Meditating on everything. Or nothing.

For whatever reason, the last series of days allowed for no prose discussions. No sudden revelations of character or personality. So numbers of visitors falter off my sites, page counts drop to single digits.

   The poem grows and develops like Brendan: sudden spurts of energy, unexpected new logic    falling from his mouth.
At one time I would obsess over every statistic provided to me about traffic flow. Now, I no longer agonize over small attendance records: I need my sleep.
An infection swells on the right side of my head. Call it a dragon’s egg. An awkward hex. Sometimes at night it throbs with the body’s pulse. I take antibiotics. Place warm compresses. After two days it appears to be reducing in size. Slowly. Ever slowly.
Tonight I bathed Brendan. He may complain a little about the loss of time, but overall washing up is less problematic than it once was.

He seems to have stretched these last few days—have I said that already? Any given moment I look at him and his body transforms into a stronger state. A taller young man.

The yellow jasmine in the sie garden so far seems to survive the cold snap from earlier in the week—the arctic front which paralyzed much of the Midwest only glances at Houston. A slight lowering of temperatures into the freezing point, then a gradual return to spring-like weather.
At least the long poem project “The River, Fractured” motions forward, on a nightly basis. Some hours the lines appear easier than others—which makes common sense. I cannot expect every moment writing to be as successful as another.

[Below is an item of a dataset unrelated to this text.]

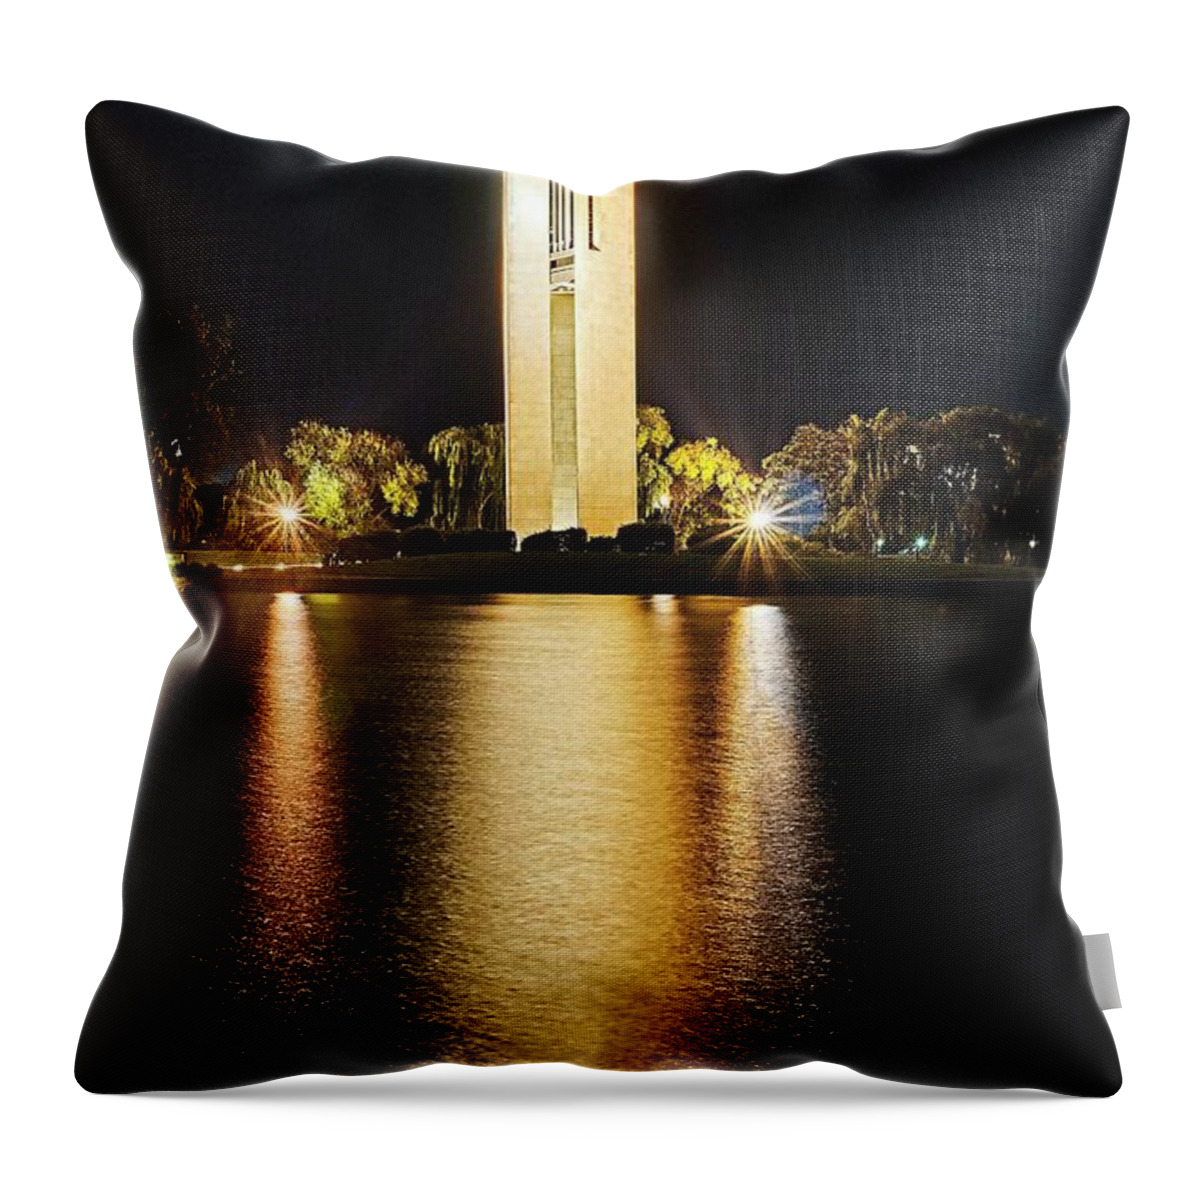 Canberra Throw Pillow featuring the photograph Carillon - Canberra - Australia #2 by Steven Ralser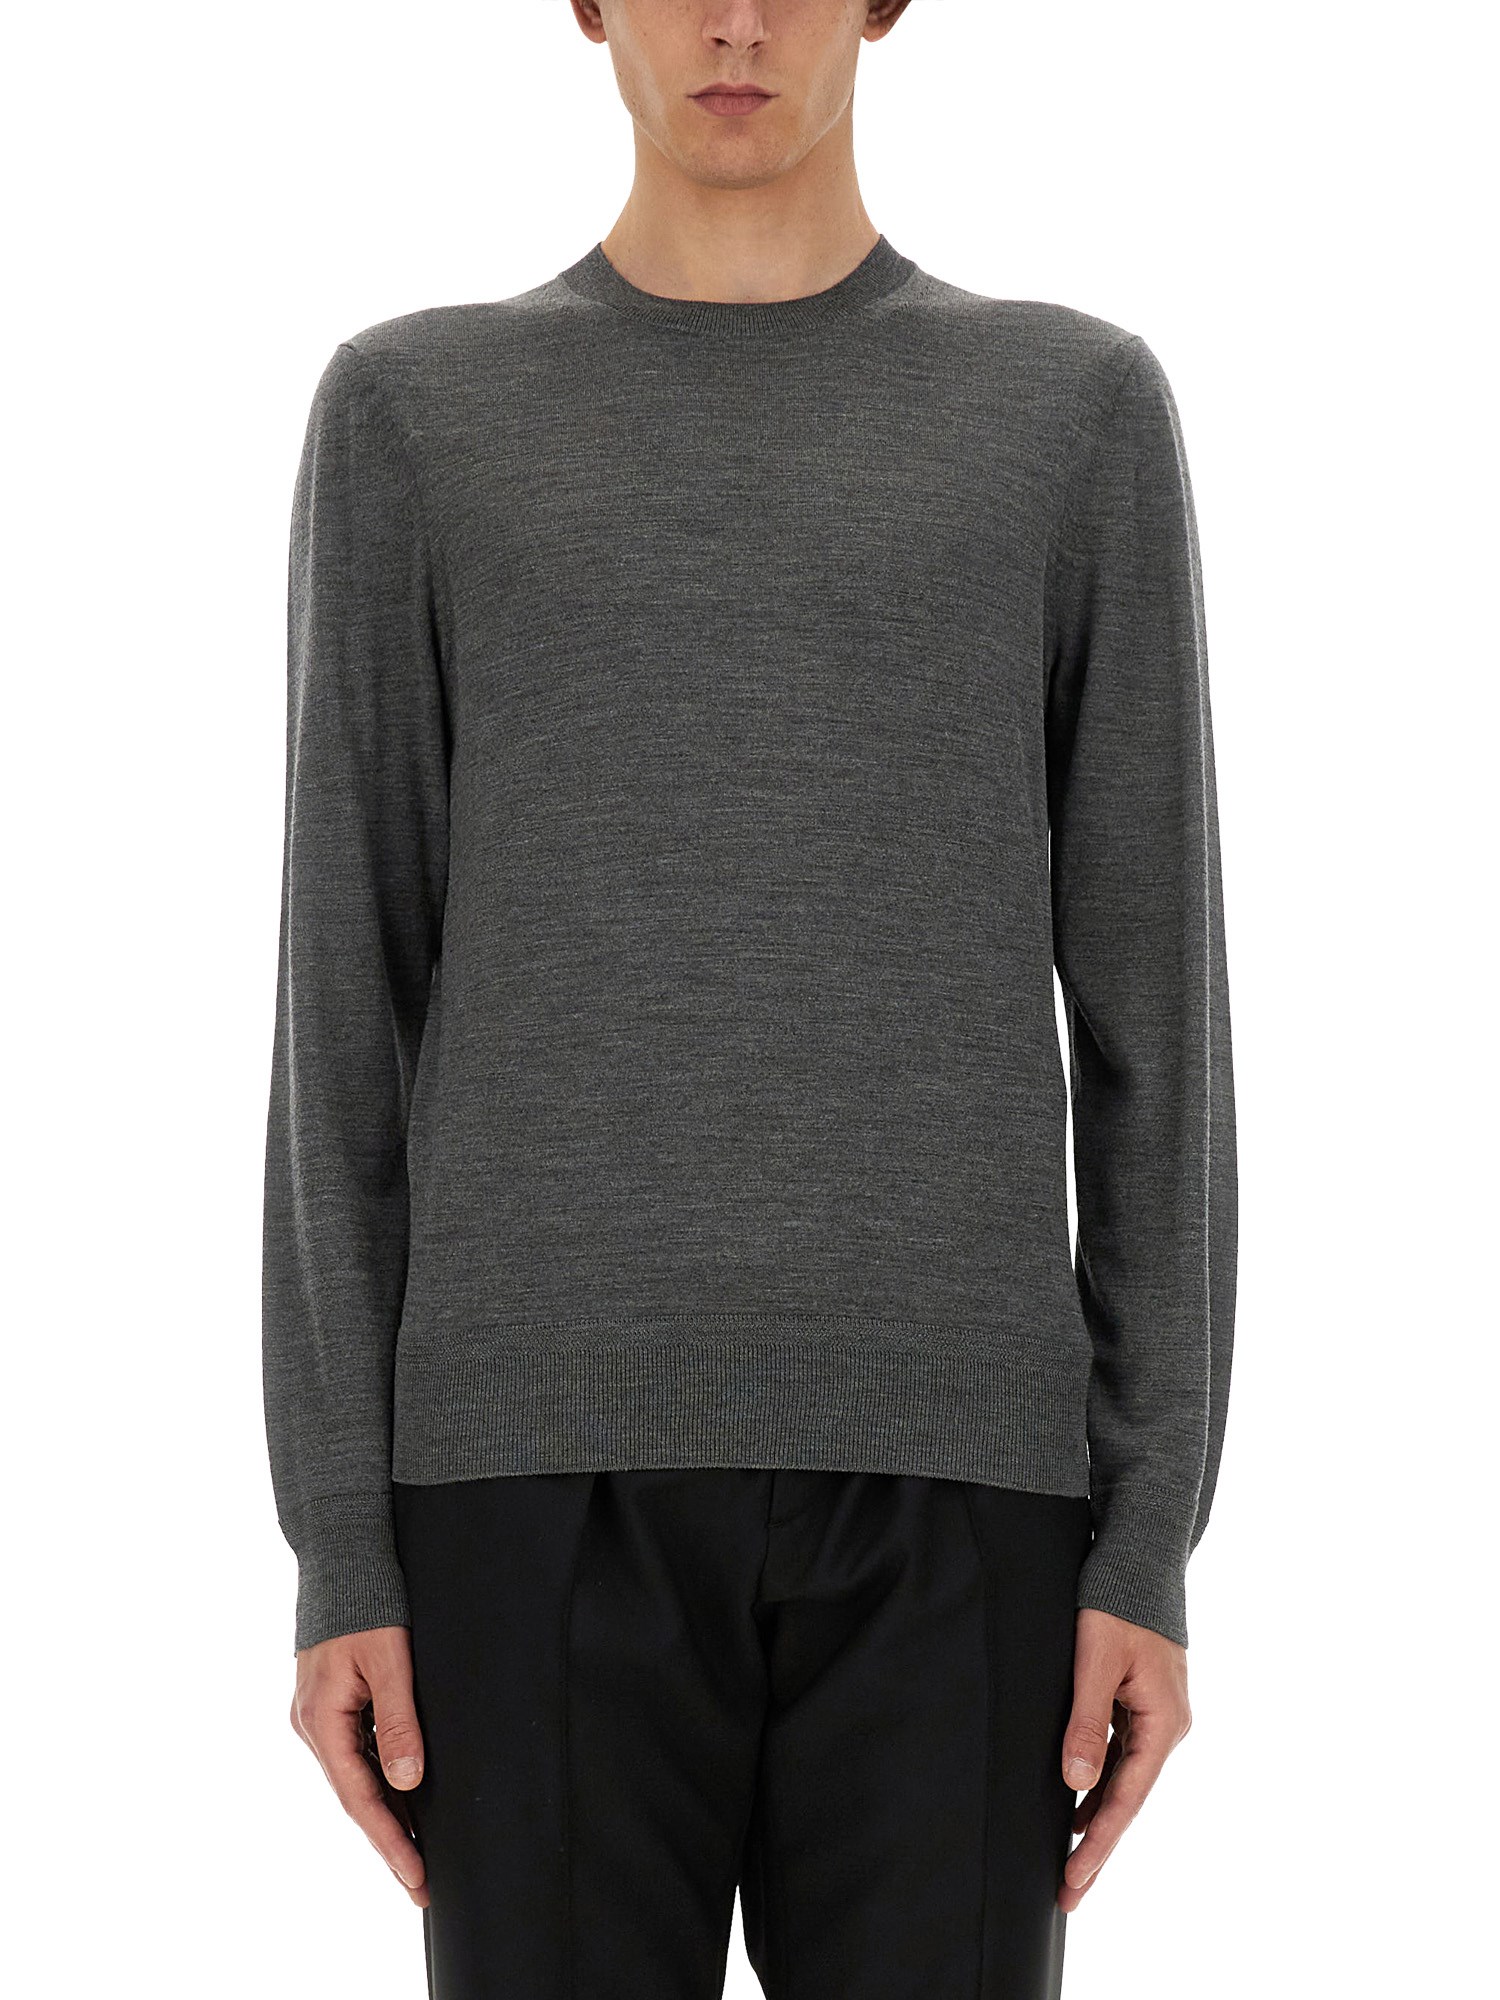 Tom Ford Wool Jersey. In Gray

The poem grows and develops like Brendan: sudden spurts of energy, unexpected new logic falling from his mouth. As of this moment, I have reached 2,102 fragmented entries—an intense stream of consciousness meditating on everything. Or nothing. A flow of creative commentary building on a grand scale.


  1. They are both block and creative inspiration - these 'sites' we maintain. Counting stats is probably the worst habit they encouraged (though you're right - that' a habit that dies away). A friend accuses me of 'intellectual masturbation' (actually he's funnier and ruder than that but...) - maintaining the blog is not to his liking. But the blog has given me an outlet I'd otherwise not have had. And I've 'met' people I'd otherwise not have met.
    Brendan sounds as though he's thriving. My lot are my joy and my muse and my torture. Which is just about right for a parent I think. I miss the early years though. Ana the baby is now almost 12. And I feel terribly old at 47 (though I know most of the parents of the very young kids I meet now are older than me again). I'm hoping to buy a copy of your book when it's published - you'll let me know when it's out? And the fragments below are wonderful - I am so curious about the commentary you're building.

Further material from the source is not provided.